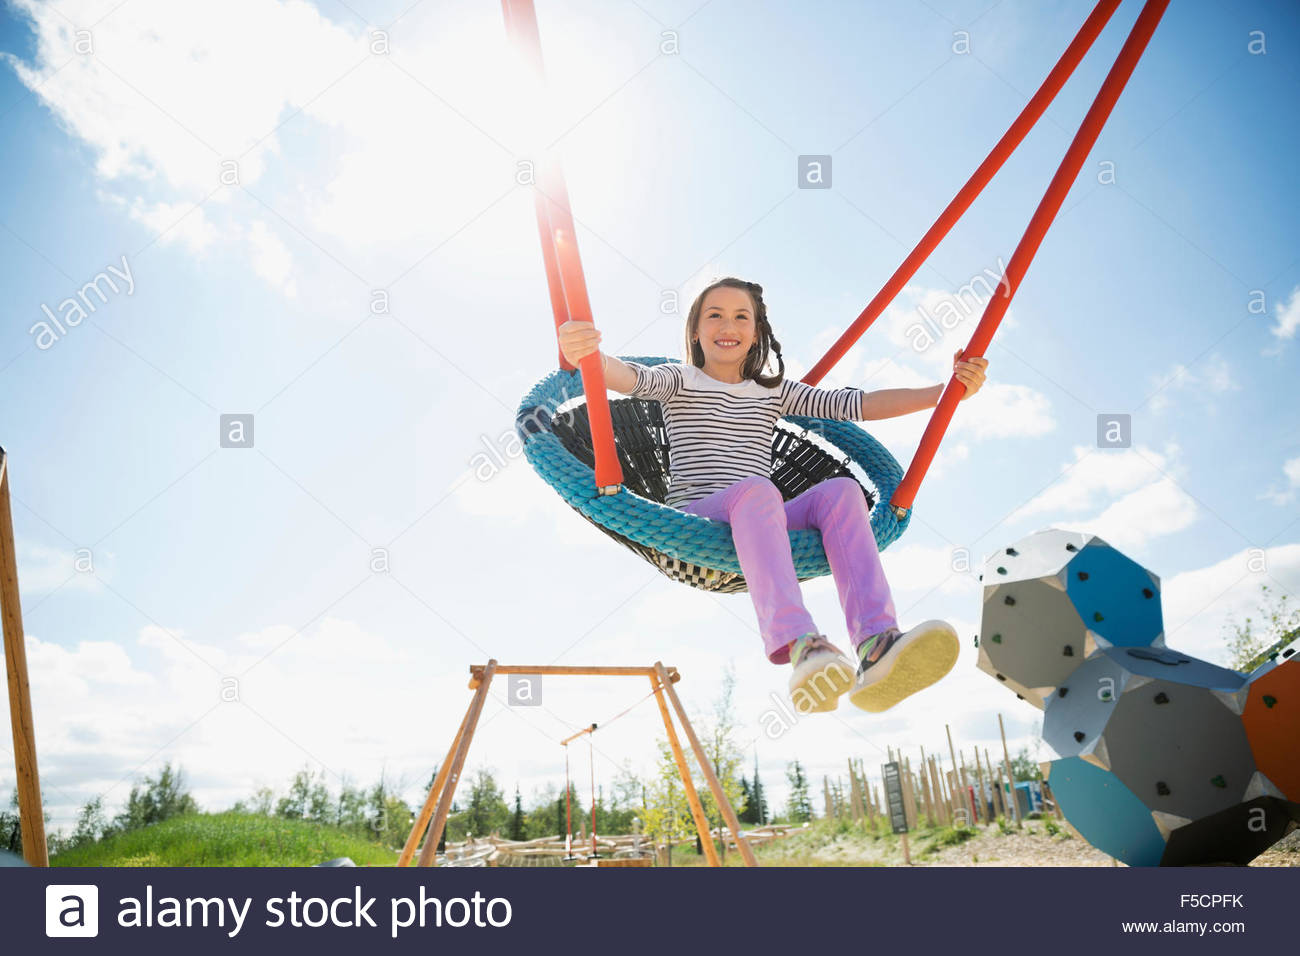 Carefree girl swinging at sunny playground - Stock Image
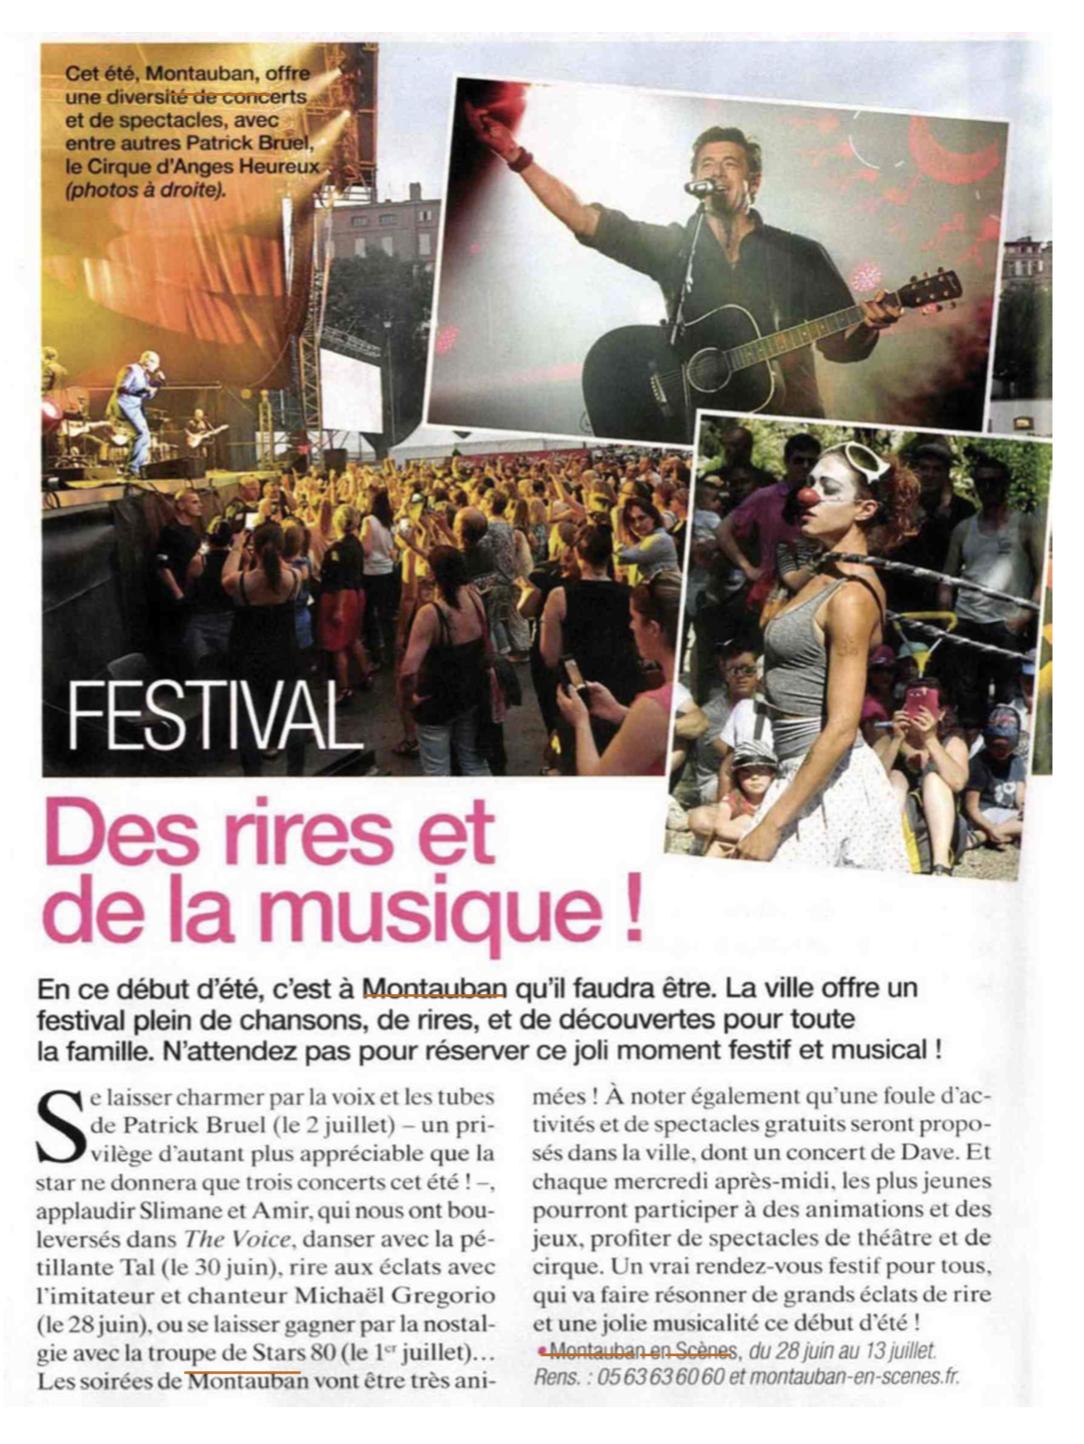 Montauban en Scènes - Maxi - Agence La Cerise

++++++++++

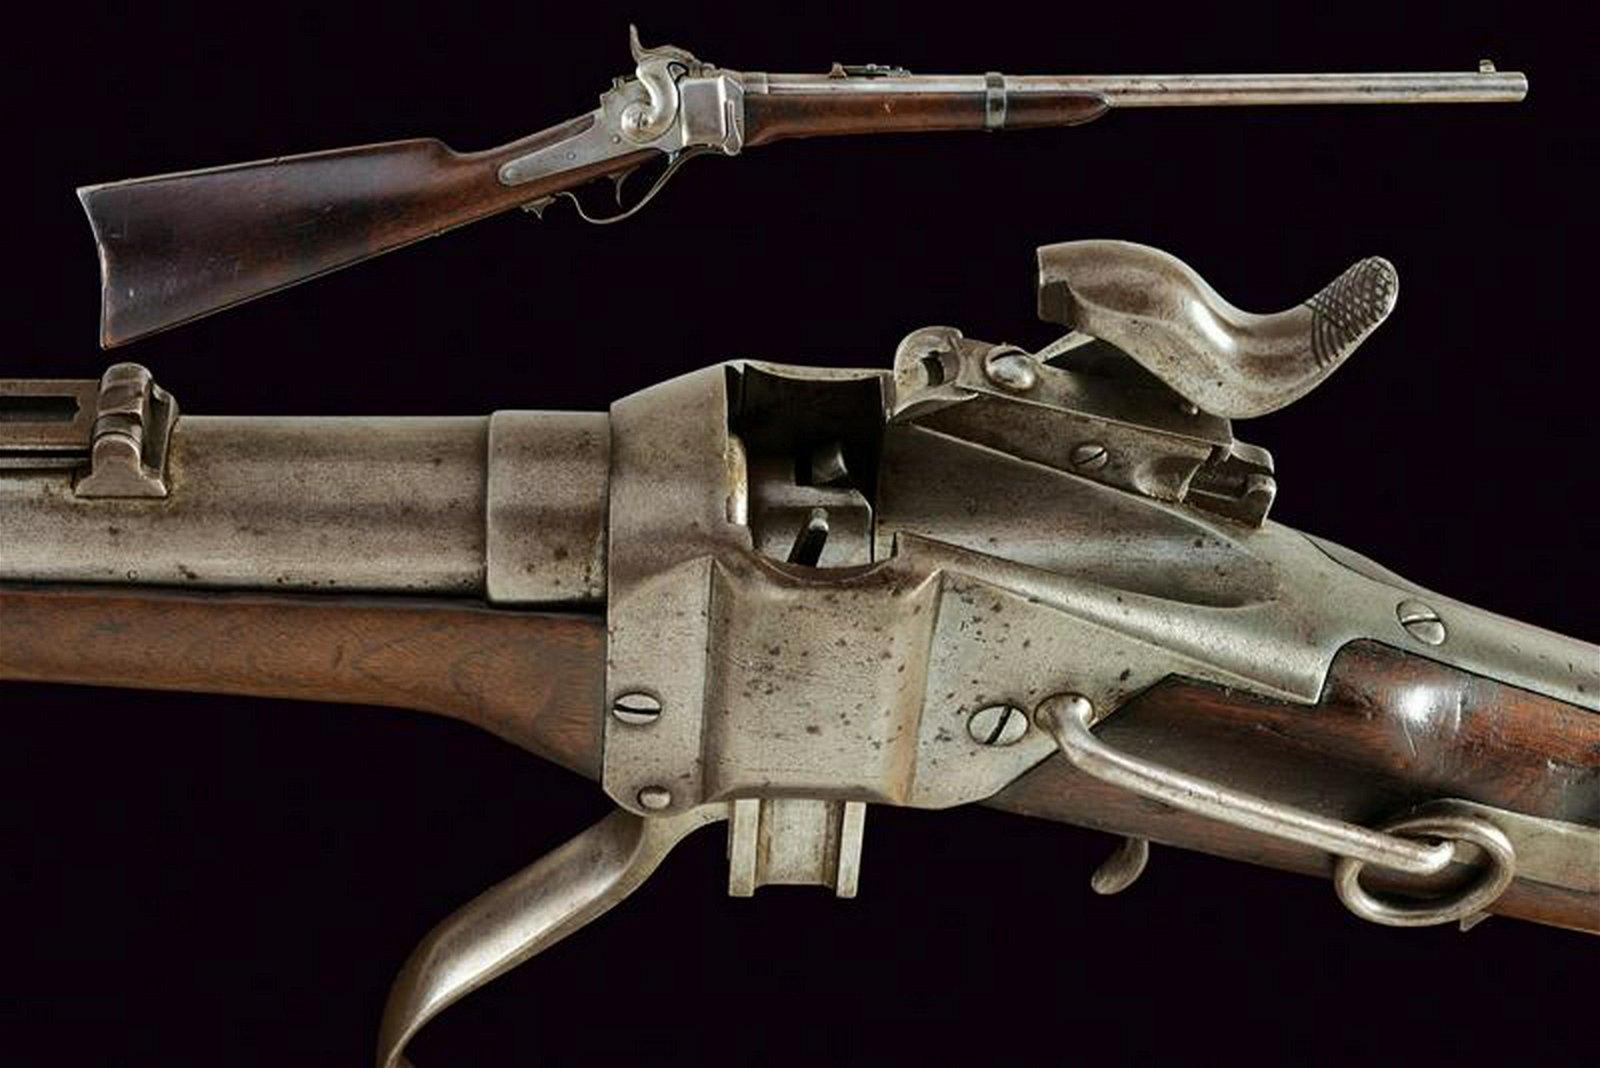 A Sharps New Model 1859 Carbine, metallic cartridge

++++++++++

_Your objective_
Give back exactly the lines above that run from the one with "Carefree girl swinging" to the one with "Montauban en Scènes", including both, with the pictures left out.

_Response to this exercise_
 Carefree girl swinging at sunny playground - Stock Image
 Montauban en Scènes - Maxi - Agence La Cerise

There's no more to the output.